SRAM set the bench mark high when they announced the XX1 11 speed drive train, which as well as offering a weight saving and neatening up your bike offered bike designers the chance to consider 1x dedicated frame designs with stiffer pivot set ups and the option of refining pivot points based on a single chain ring, rather than having to compromise for two or three chain rings.

But the pricing was virtually in to orbit with the £450 cassette – so budget options were on everyones mind. Hop-up kits became available from several manufacturers allowing a huge 40tooth ‘climber’ cog to be fitted to standard 10 speed cassettes, but the overall spread of gearing would never be ideal.

Whilst SRAM chipped away bringing out cheaper options with the X01, X1 and now budget GX platforms out – Shimano pushed out XTR and XTR Di2, signalling they were finally ready to play the 11 speed game. The tortoise has just caught the hare.

SRAM’s excellent GX groupset can be had for just £451 – but Shimano XT 11speed is available for under £405! Below is the equivalent spec needed for an 11 speed set up on my Mondraker Foxy Carbon XR.

 

SRAM:Shimano pricing

 

How does it ride?

The things that work best tend to be the things you don’t notice, and as I expected – the shifting and action on the XT is flawless.

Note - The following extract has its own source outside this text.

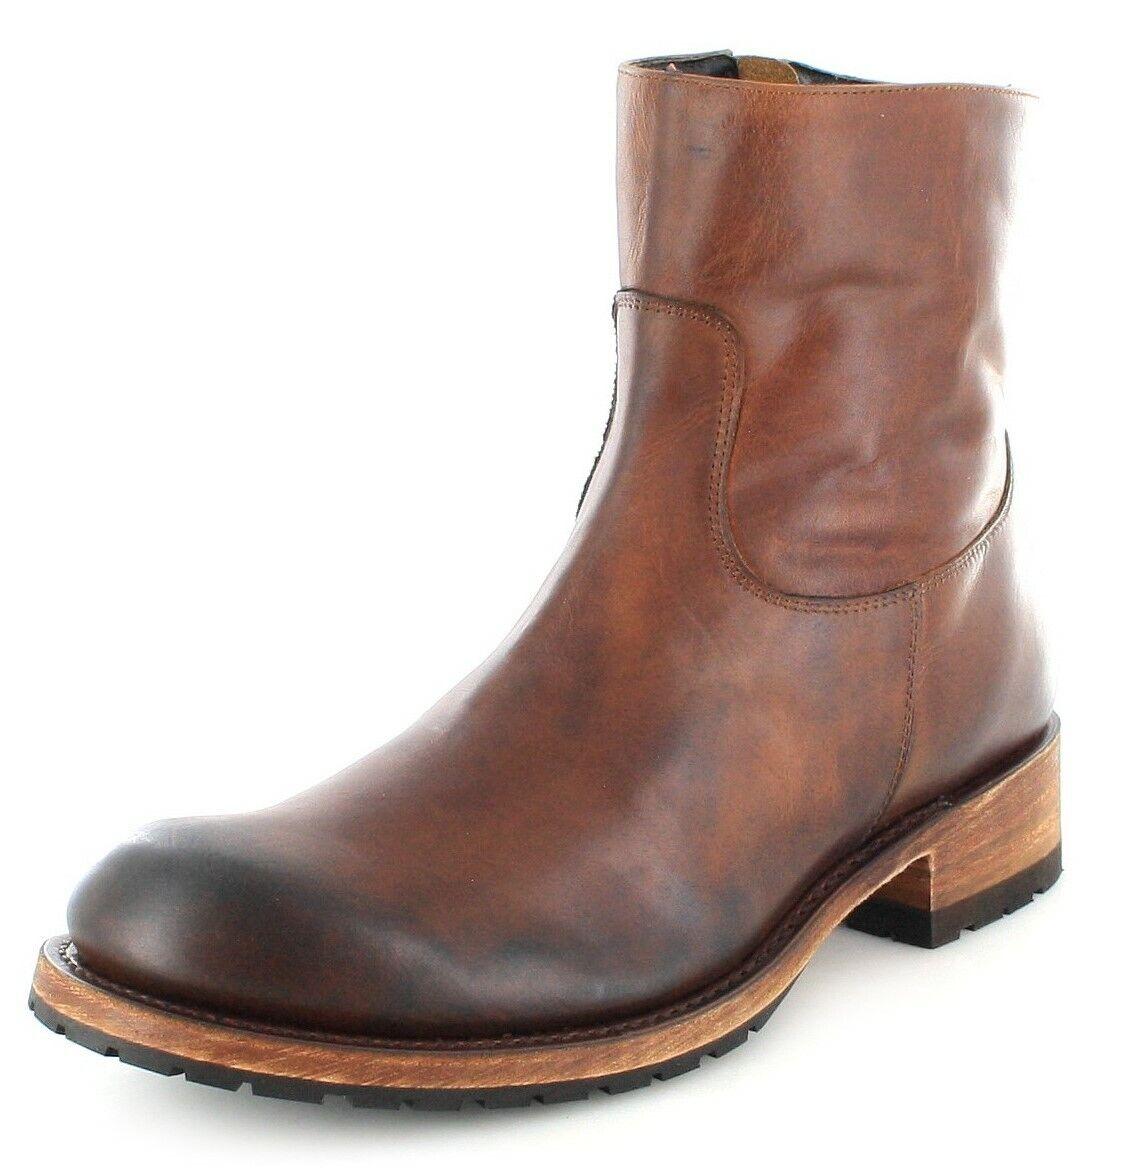 Sendra Stiefel 9491 Evolution Tang Herren Lederstiefel Braun Chelsea Stiefel

One thing immediately noticeable is how quiet the drive train is  –  even in the extremes of lowest and highest gears. Most 1x set ups are prone to some noise – but like the more expensive XTR,  XT is ultra quiet.

Although a lighter action than SRAM, the shifting has a good, defined clunk – you know when you’ve shifted. I really liked the lever position, but where the XTR trigger shifter allows a double shift on the small down shift lever in both directions the XT will only do it when pushed with your thumb – not by using your finger. It’s not the end of the world as SRAM only has a single direction lever here, but once you’ve used the XTR trigger shifter it’s hard to like anything else!

I was given the 11-40t spread cassette to ride as the 11-42 wasn’t available at the time, and I used a 34tooth chain ring. Although I didn’t miss the 10tooth sprocket on the cassette out in the Alps, I really could have done with the extra two teeth on a couple of the long grinding climbs we did. The spread of gears is excellent though, and shifting between them is clean – no odd jumps.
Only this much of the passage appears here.